What is needed is an exact repetition of the lines below, from the first one through the one holding "ხეტყის საზიდი სატვირთო", with no pictures and nothing else.

***** Source data

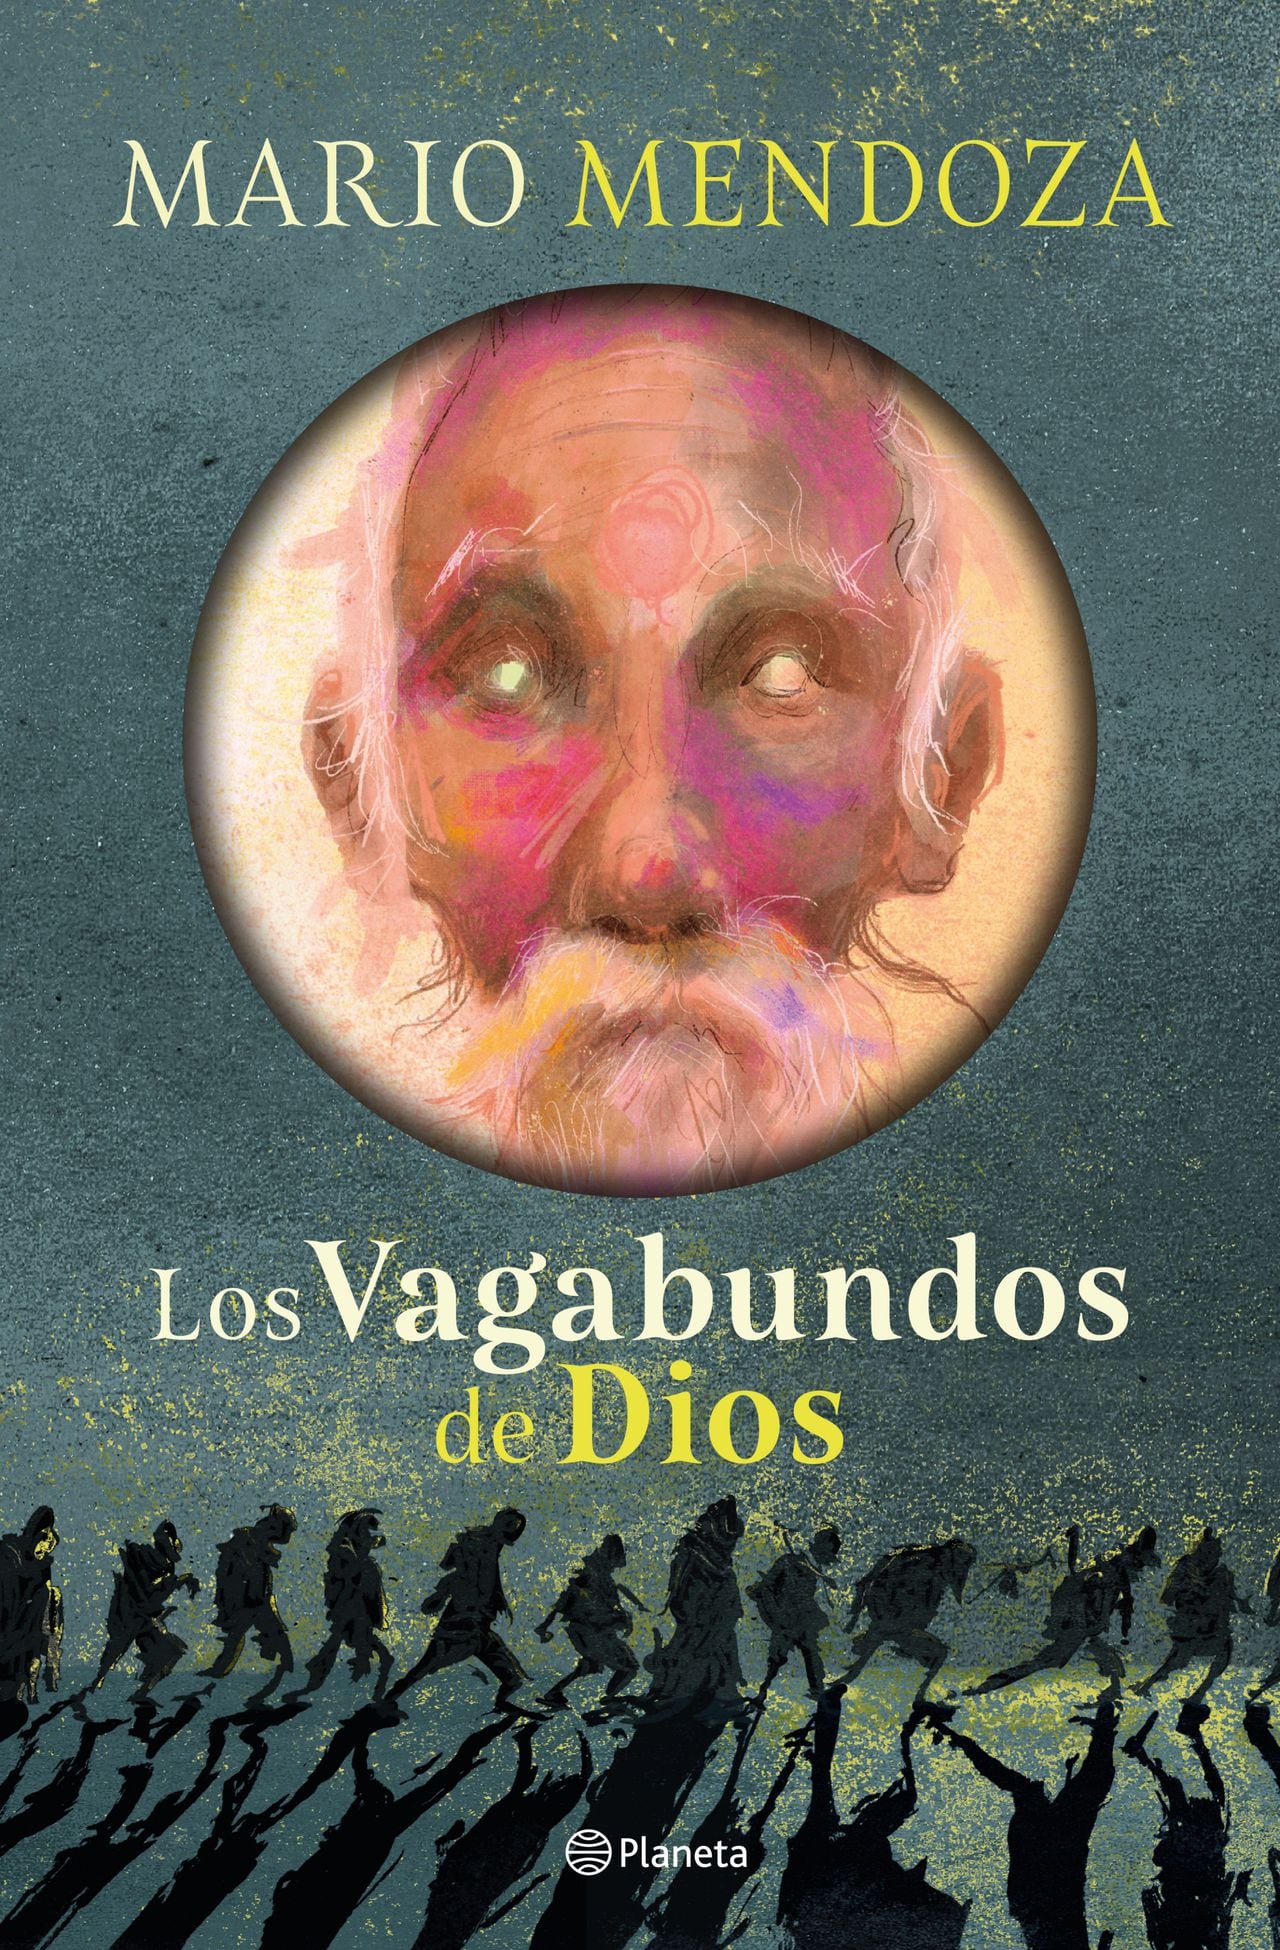 'Los vagabundos de Dios', del escritor Mario Mendoza.
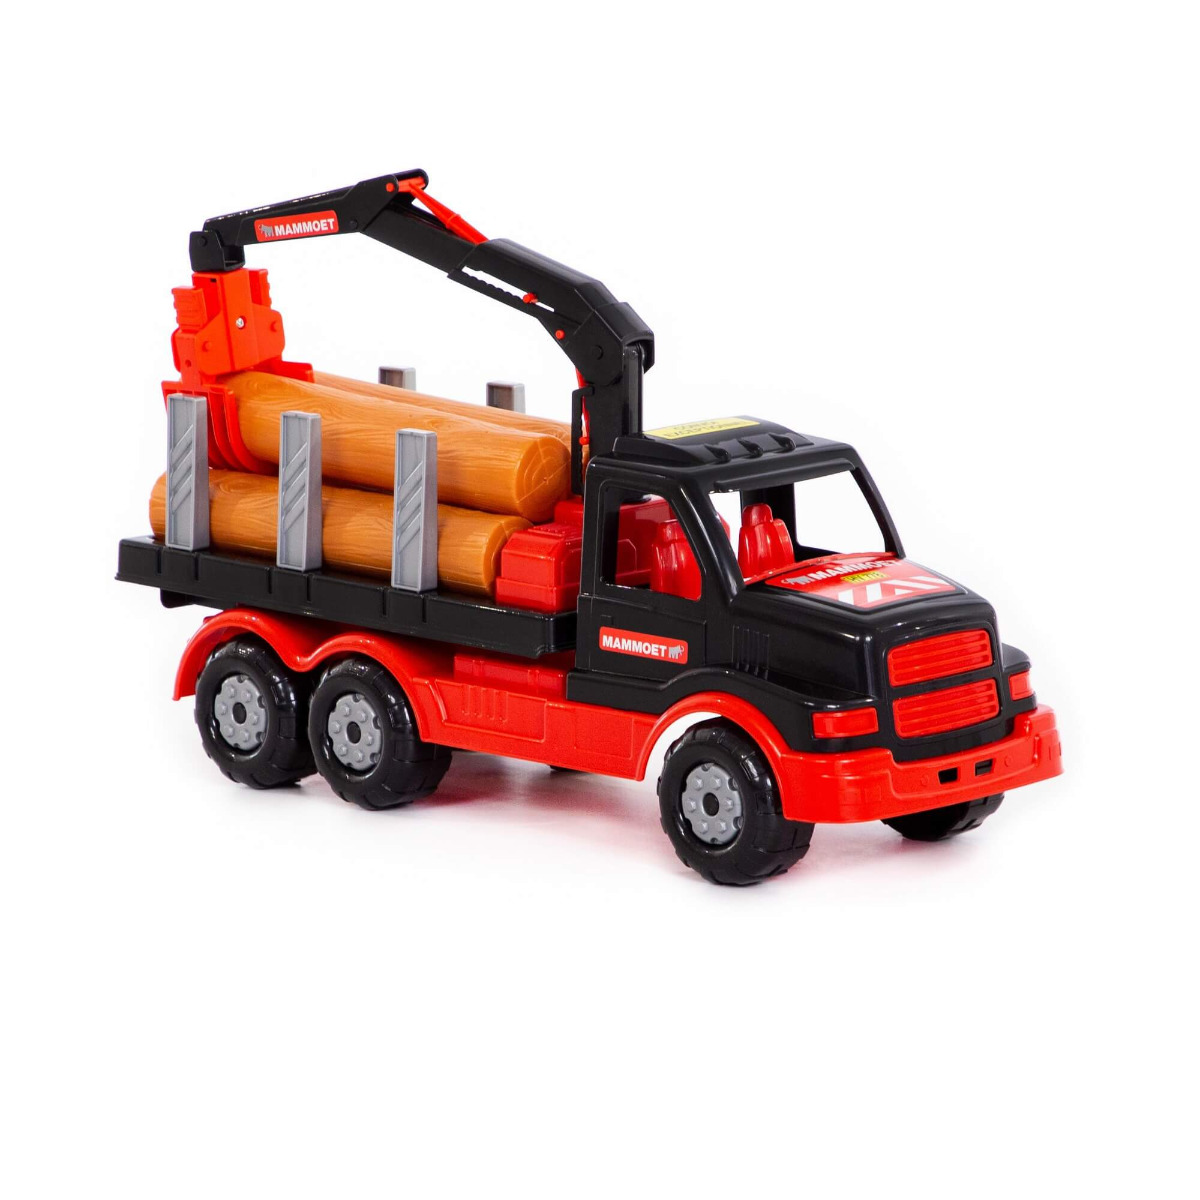 ხეტყის საზიდი სატვირთო მანქანა - Mammoet Timber Truck - 87751 pg-81094color Red 
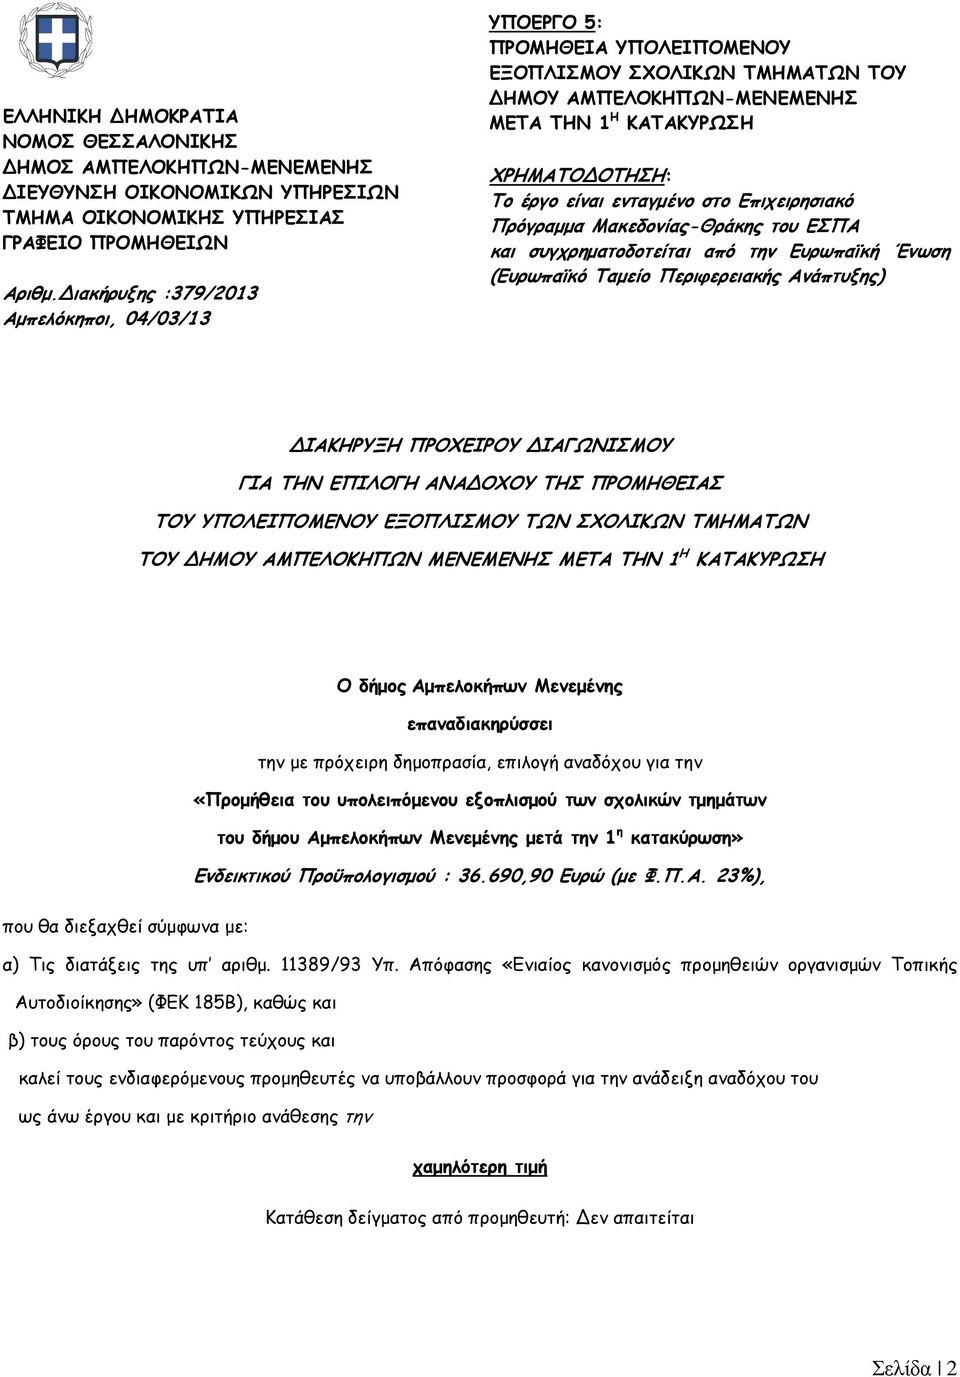 ενταγµένο στο Επιχειρησιακό Πρόγραµµα Μακεδονίας-Θράκης του ΕΣΠΑ και συγχρηµατοδοτείται από την Ευρωπαϊκή Ένωση (Ευρωπαϊκό Ταµείο Περιφερειακής Ανάπτυξης) ΔΙΑΚΗΡΥΞΗ ΠΡΟΧΕΙΡΟΥ ΔΙΑΓΩΝΙΣΜΟΥ ΓΙΑ ΤΗΝ
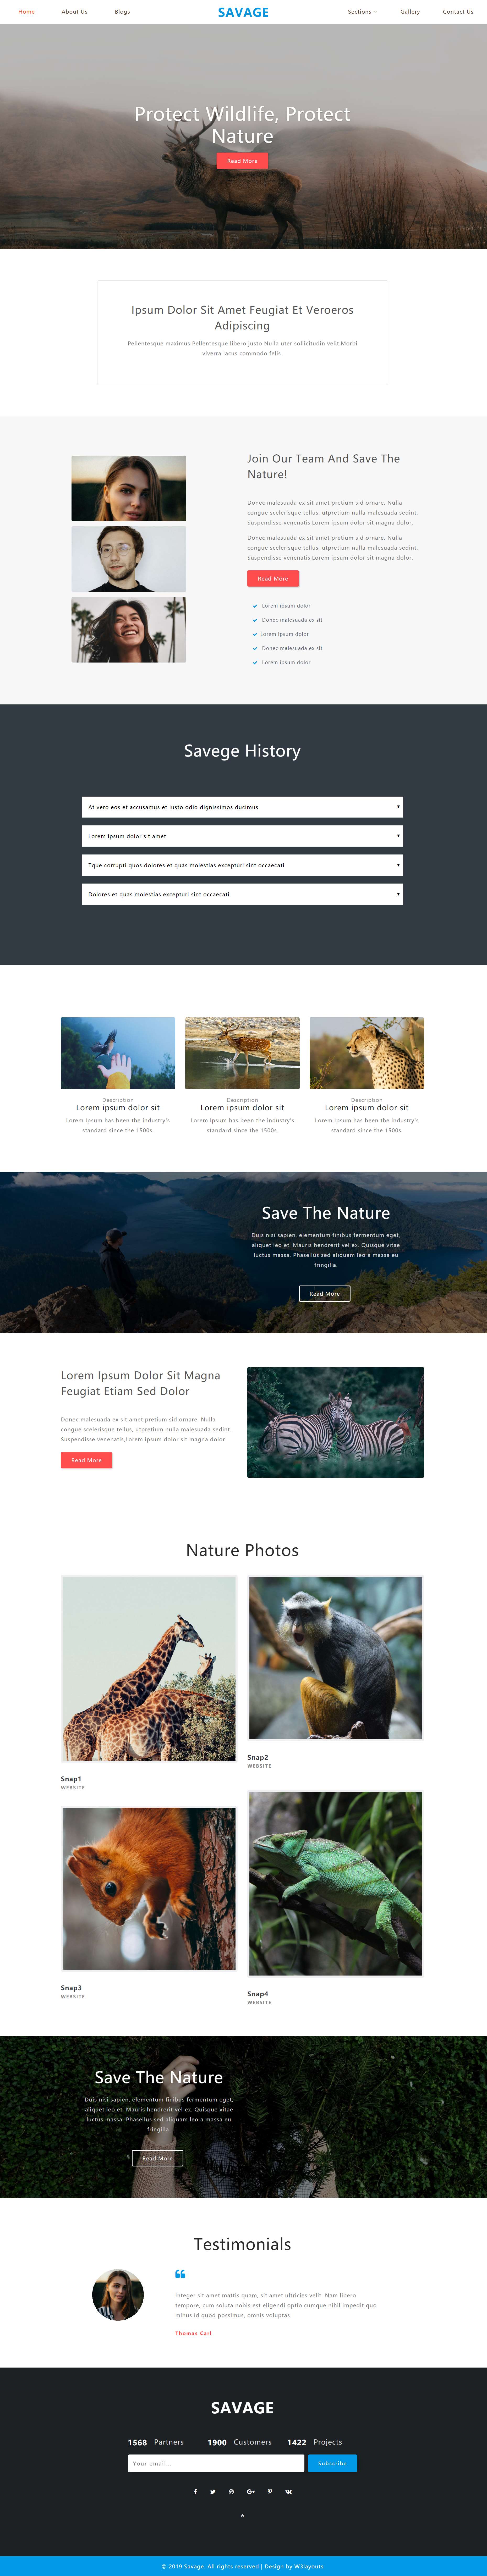 HTML红色欧美形式野生动物保护网页模板代码

**********

**Answer to the exercise**
 'Los vagabundos de Dios', del escritor Mario Mendoza.
 ხეტყის საზიდი სატვირთო მანქანა - Mammoet Timber Truck - 87751 pg-81094color Red 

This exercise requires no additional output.